→ ACTIVITY
Both the line with "Avon Costa Rica" and the line with "משפחה פלסטינית בחשכה, בעקבות" in the records below must appear in the output, along with every line between them, exactly and with nothing added.

→ PROVIDED DATA
·····

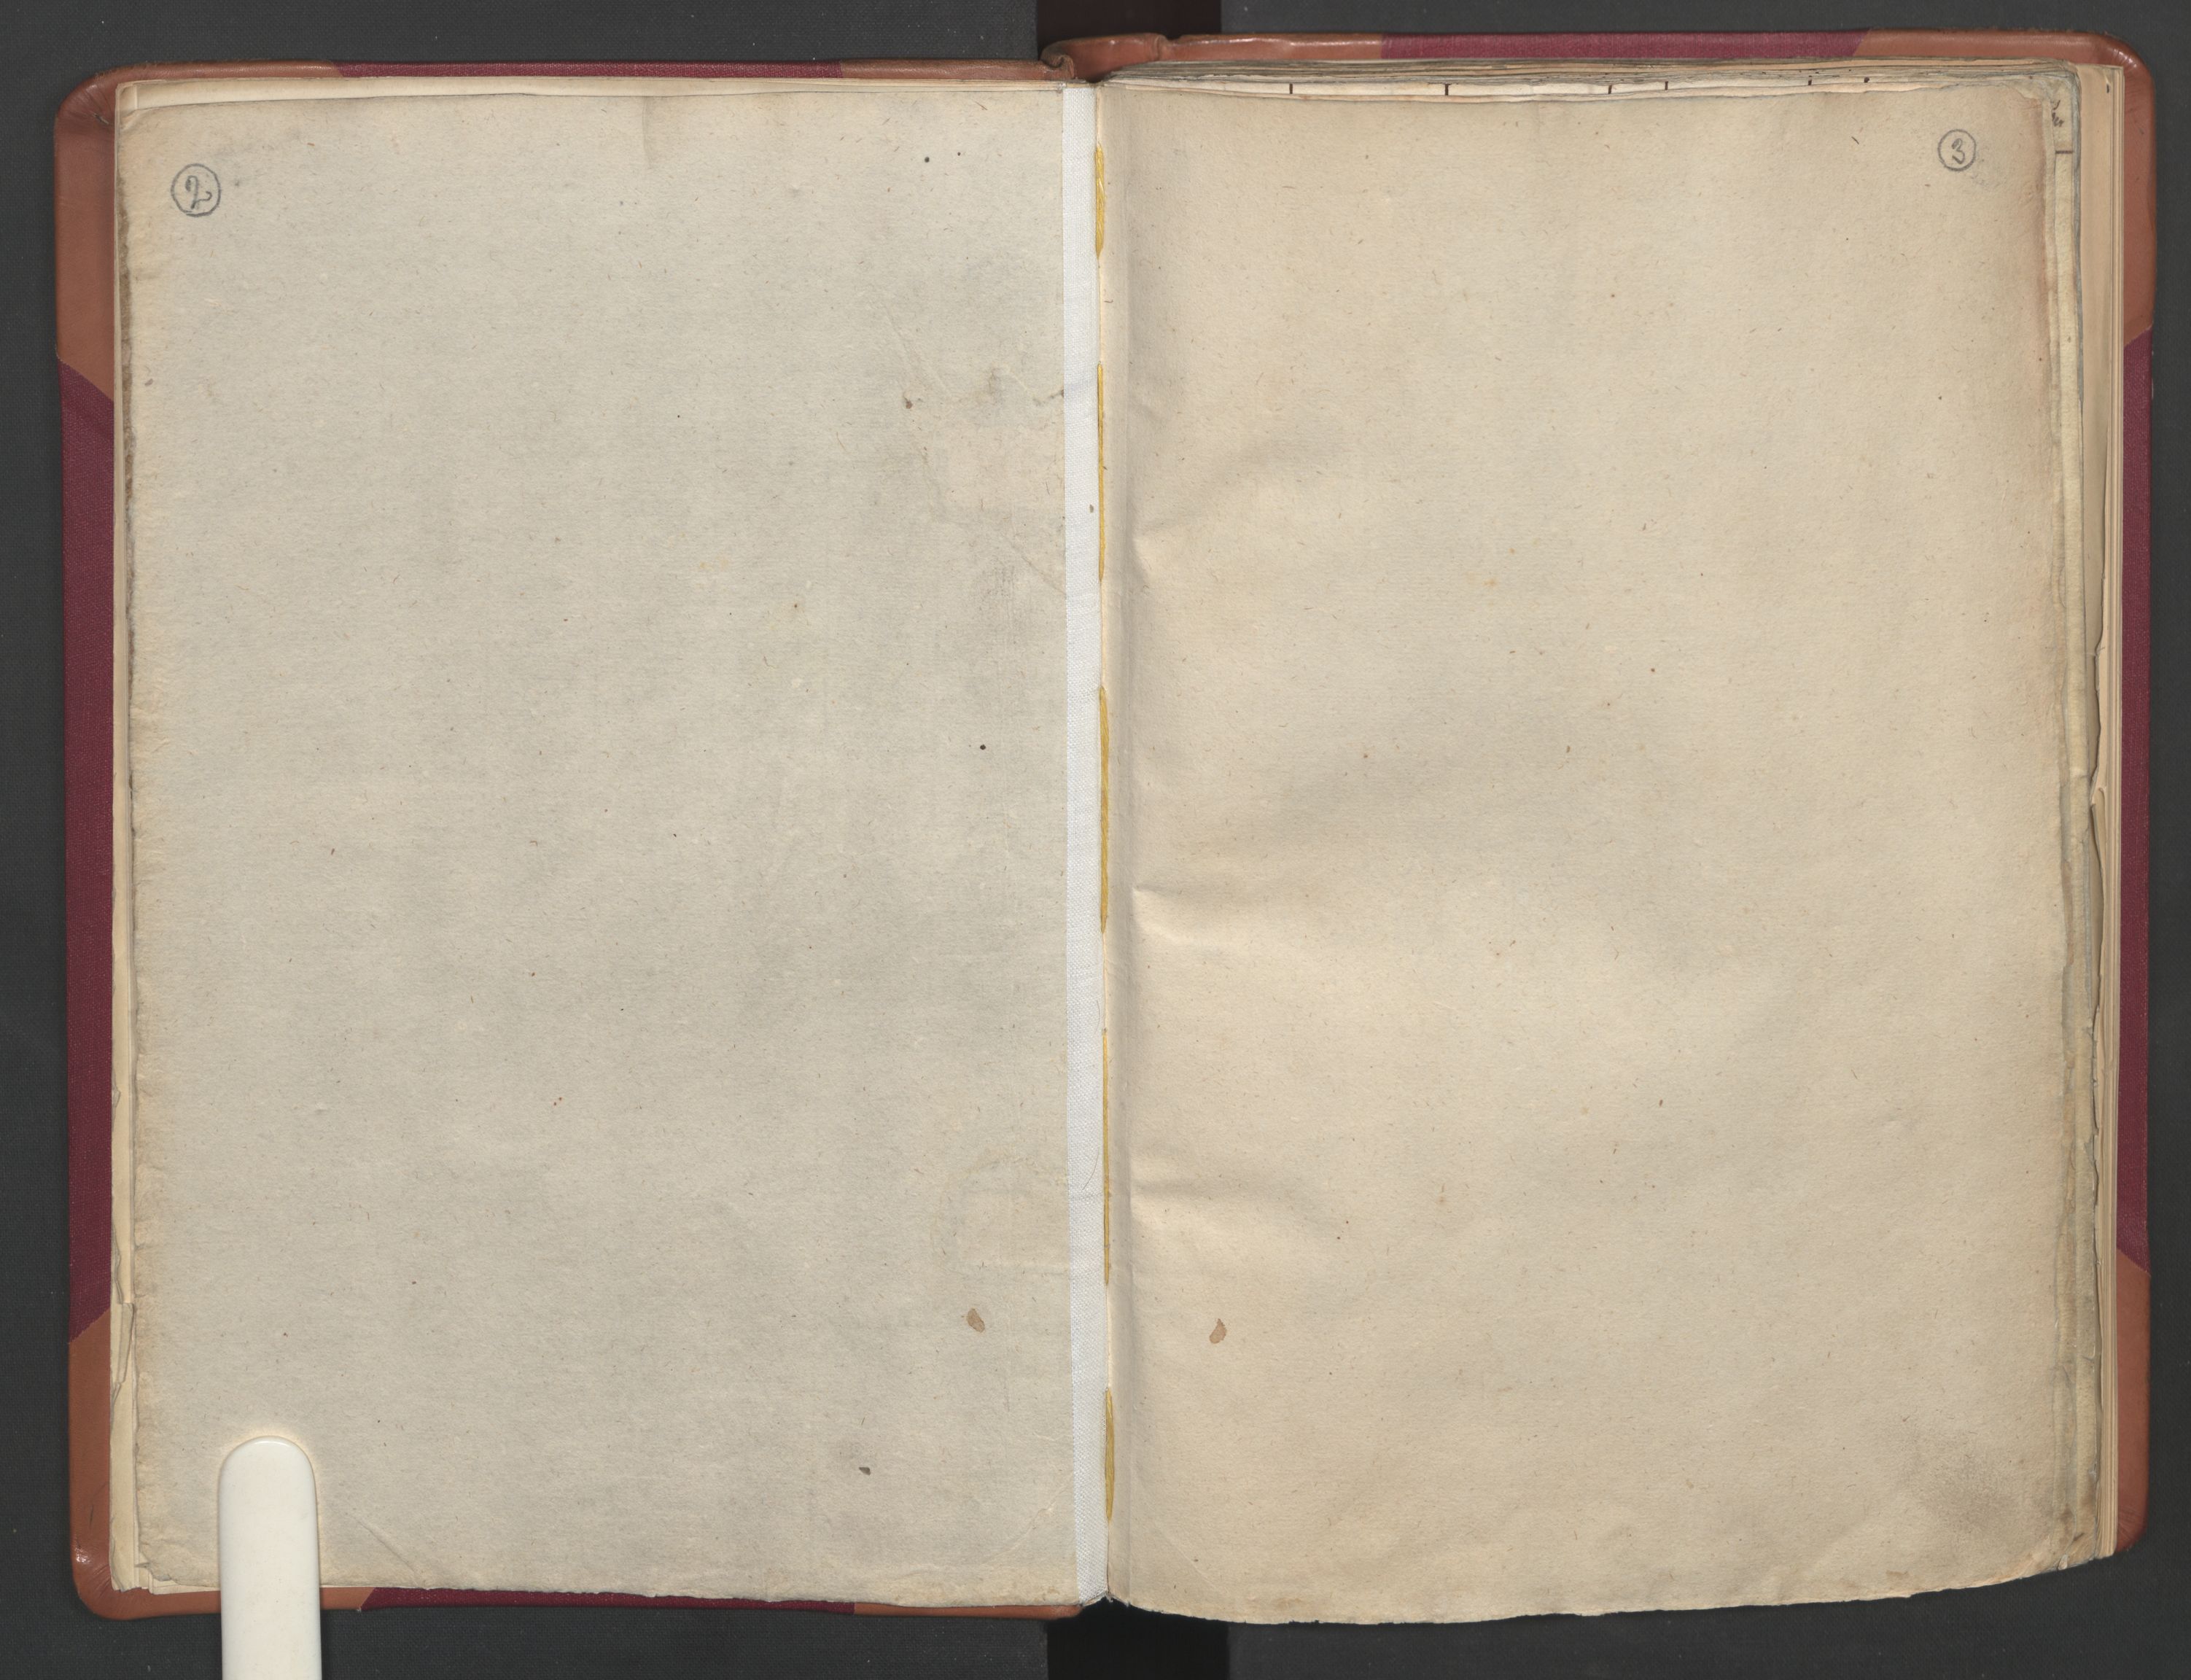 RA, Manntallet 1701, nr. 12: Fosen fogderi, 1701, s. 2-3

·····

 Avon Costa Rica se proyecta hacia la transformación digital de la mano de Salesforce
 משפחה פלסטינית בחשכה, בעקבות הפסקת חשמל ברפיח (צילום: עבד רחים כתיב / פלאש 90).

·····

→ ANSWER SECTION
 Avon Costa Rica se proyecta hacia la transformación digital de la mano de Salesforce
 משפחה פלסטינית בחשכה, בעקבות הפסקת חשמל ברפיח (צילום: עבד רחים כתיב / פלאש 90).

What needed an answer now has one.